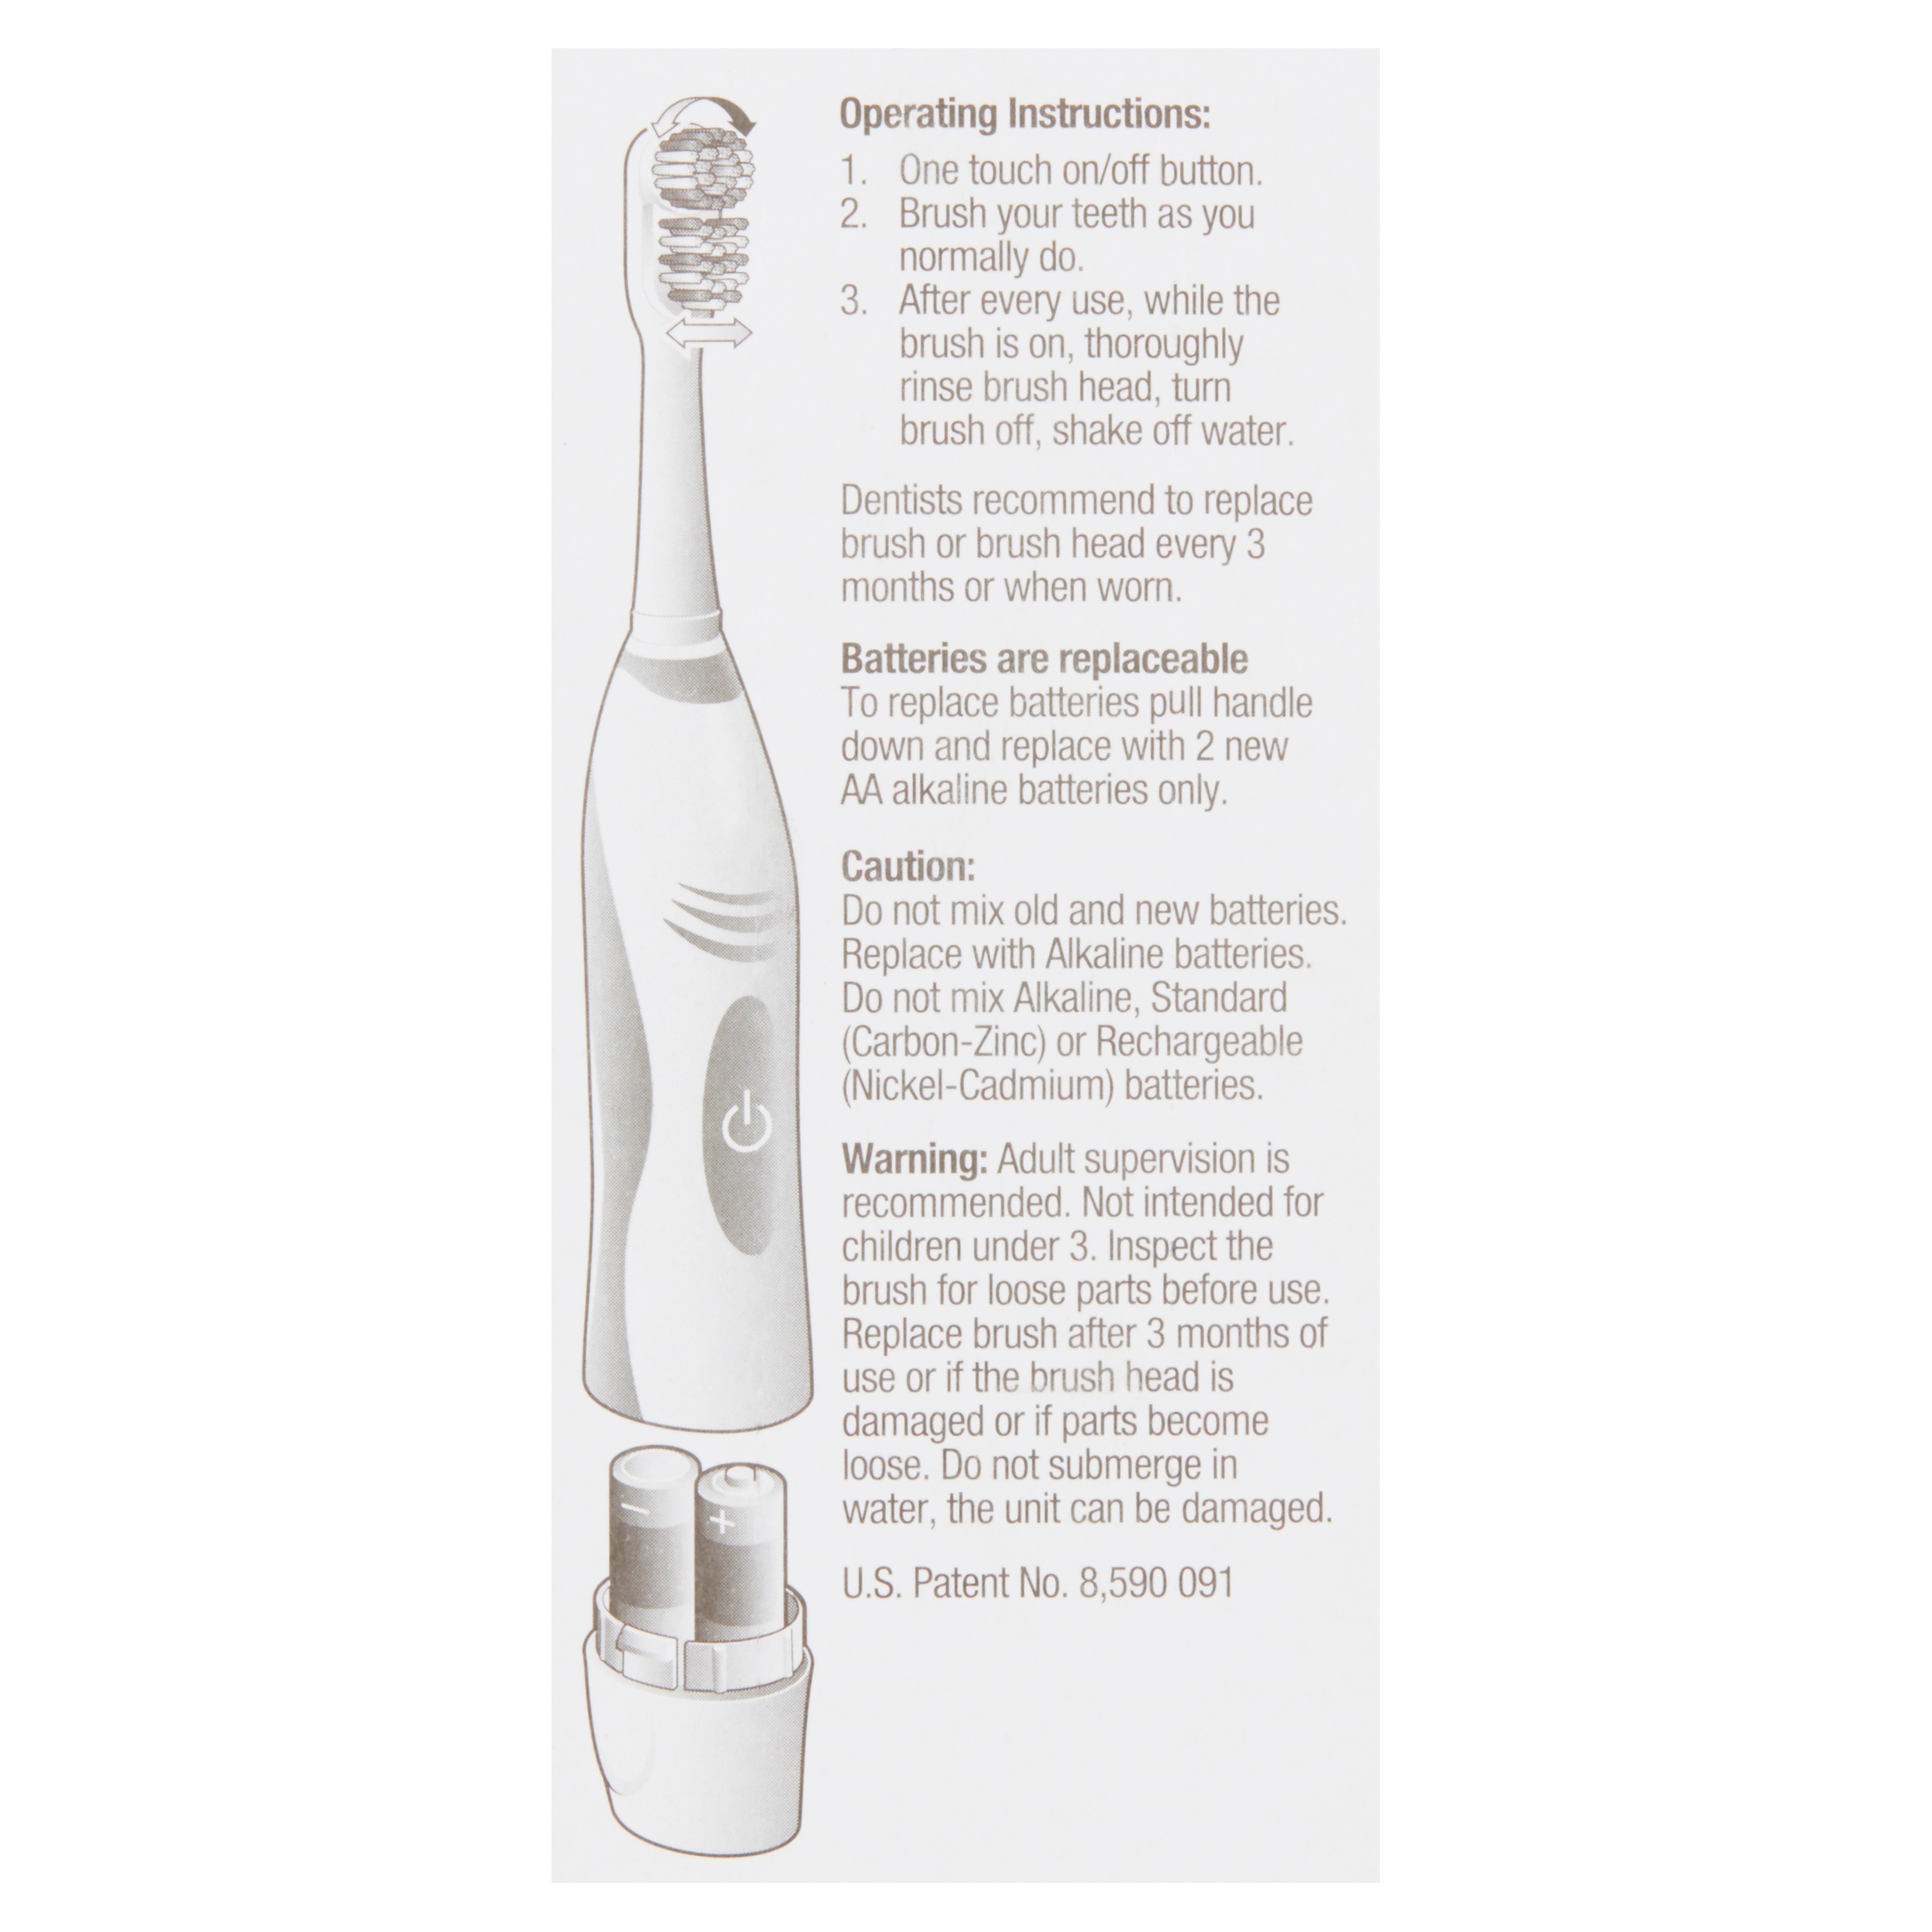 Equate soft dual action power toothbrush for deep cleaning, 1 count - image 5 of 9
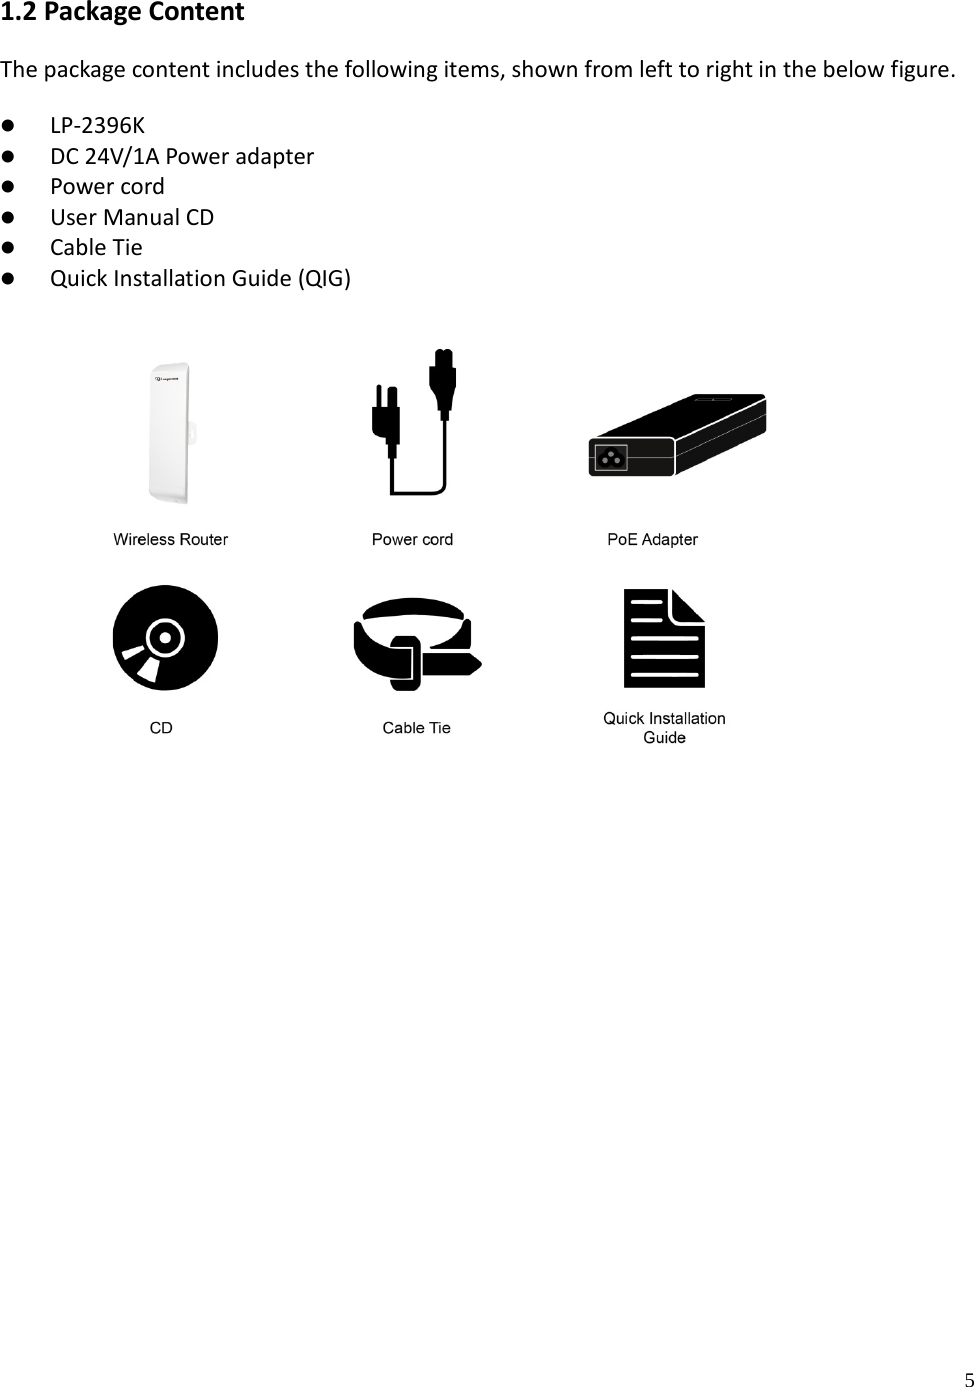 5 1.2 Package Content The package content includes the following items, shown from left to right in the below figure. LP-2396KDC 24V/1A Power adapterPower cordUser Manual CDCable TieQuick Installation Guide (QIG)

★ ★ ★ ★ ★ ★ ★

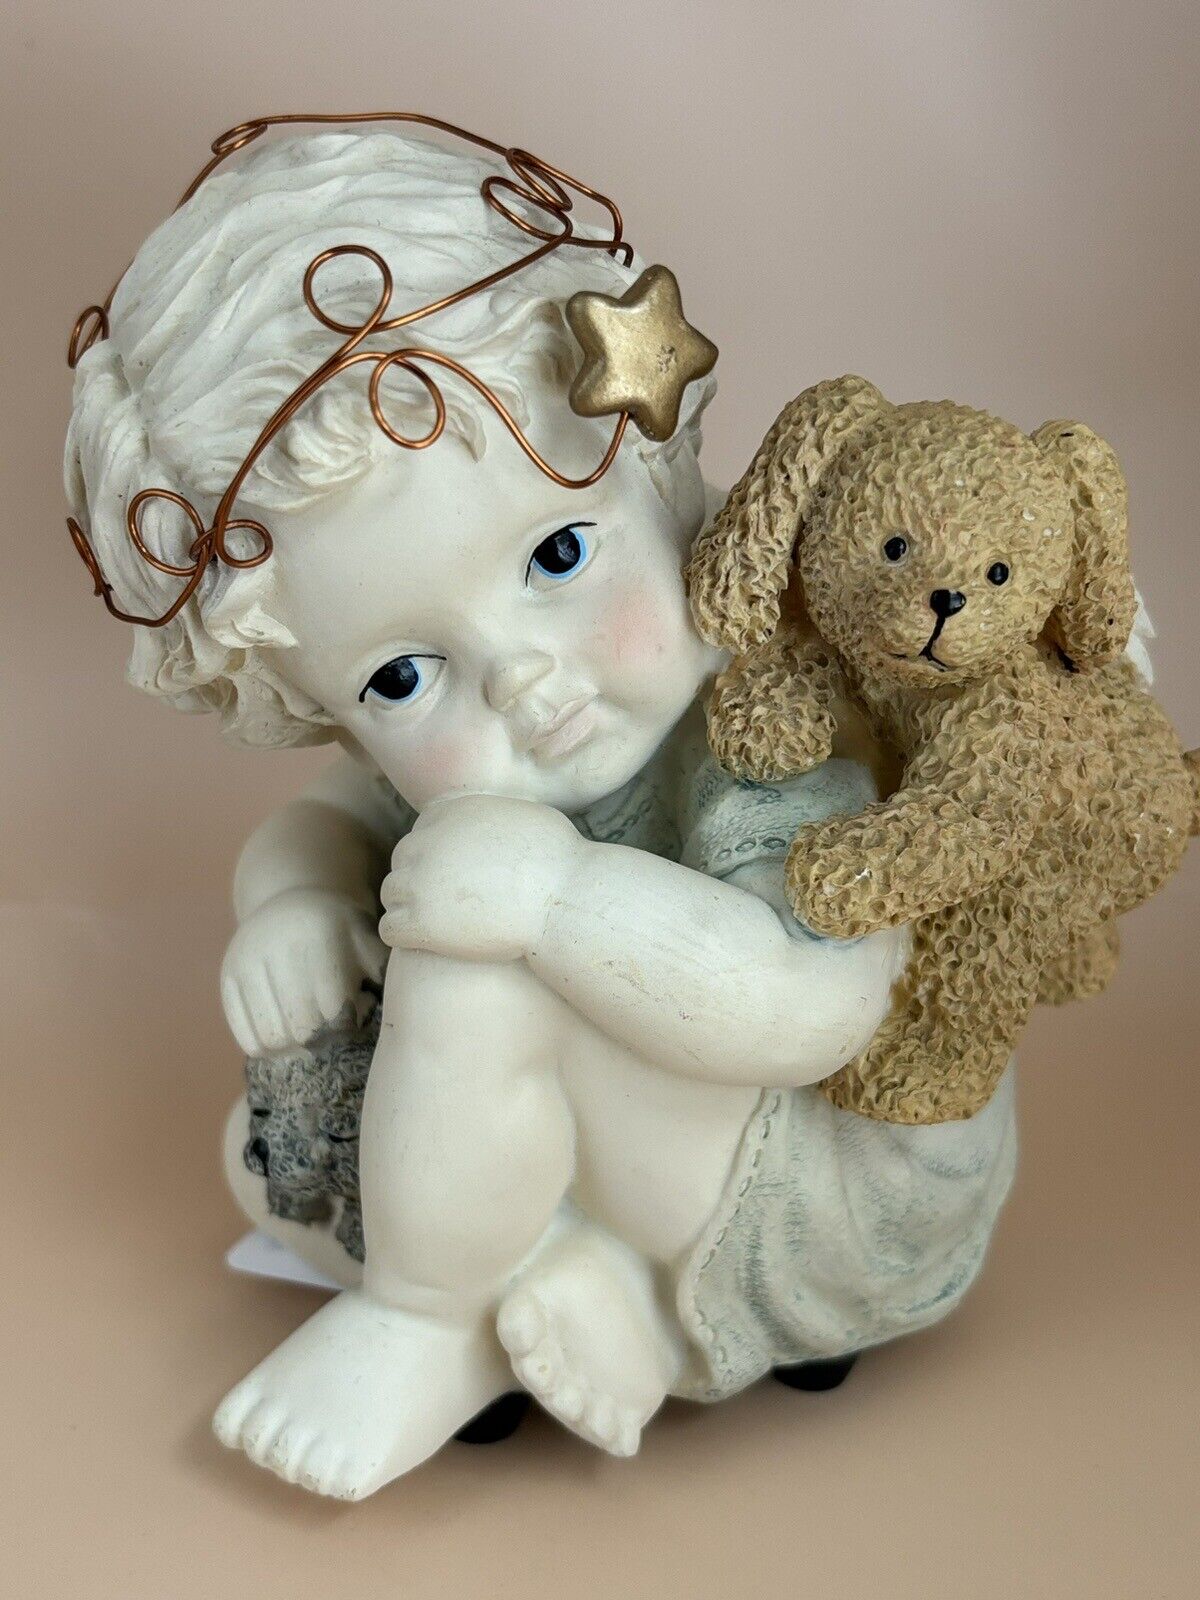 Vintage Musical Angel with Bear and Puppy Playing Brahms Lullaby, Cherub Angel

★ ★ ★ ★ ★ ★ ★

Copy exactly, without pictures, the lines above from the one with "Equate soft dual" down to the one with "5 1.2 Package", inclusive.

→ Exercise result
 Equate soft dual action power toothbrush for deep cleaning, 1 count - image 5 of 9
 5 1.2 Package Content The package content includes the following items, shown from left to right in the below figure. LP-2396KDC 24V/1A Power adapterPower cordUser Manual CDCable TieQuick Installation Guide (QIG)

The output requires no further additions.